Recorded between 1934-1940 by folklorist John Lomax, this offers an interesting cross-section of songs sung by “real” people in Alabama. And a cross-section it really is, from blues to spirituals to lullabies to work songs. It’s a collection that introduces a voice that should have become well-known — Vera Ward Hall, who opens the set with a startlingly pure “Another Man Done Gone” and keeps cropping up throughout.
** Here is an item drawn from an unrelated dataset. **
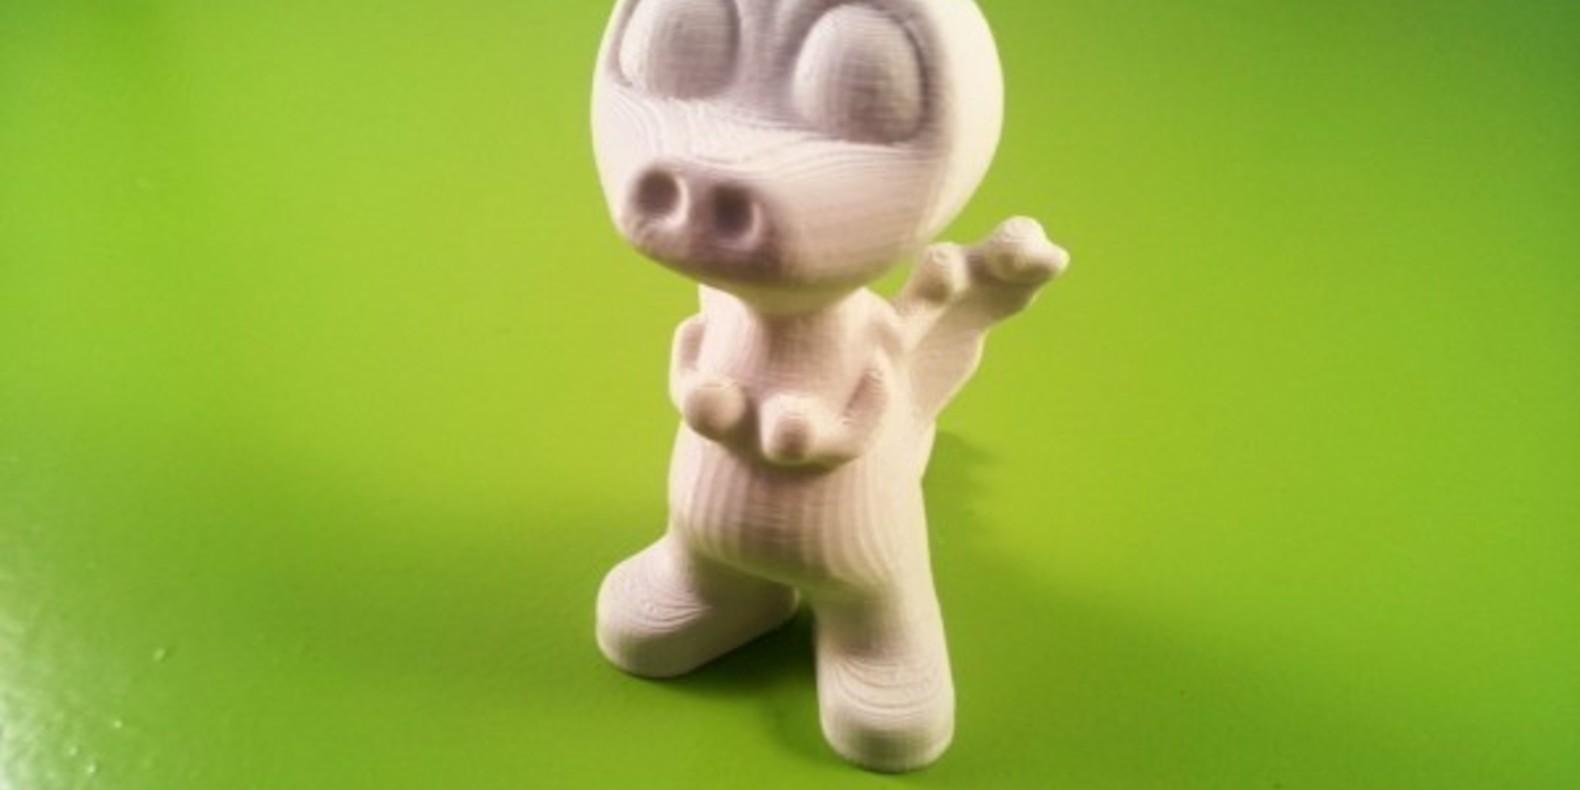 http://fichier3d.fr/wp-content/uploads/2014/01/dolf-veenvliet-macouno-cults3D-cults-designer-artist-3D-printing-monkey-skull-dragon-minotaur-dorus-manus-22.jpg

While the emphasis is on song, there’s also some wonderful harmonica playing on “Train on a Hill” by Richard Amerson (who also reminisces about his days on steamboats), and Tom Bell accompanies himself on guitar on “Worried Blues.

A little bonus track I threw in.

Perhaps the most intriguing piece is “Billy Goat Latin” from Joe F. Williams & Booker T. Williams, a bizarre field holler. All the way through, material that’s become quite familiar over the years pops up in its folk roots — “Honey, Take a Whiff on Me,” “Hush Little Baby,” “Alabama Bound,” and “Go to Sleep (Little Baby)” — all of which have become part of the national consciousness. Lomax proves to be as able as his son in finding great performers (although you have to wonder when he asks one to take a song into double time, obviously a first-time occurrence for the subject of this particular recording). By its very nature — field recordings from the 1930s — the sound quality is sometimes far from perfect, but overall the remastering is little short of miraculous, and the sleeve notes are thorough and extremely informative.



One Comment

  1. This is wonderful. Thanks for sharing. Do you have any more of the “Deep River of Song” series?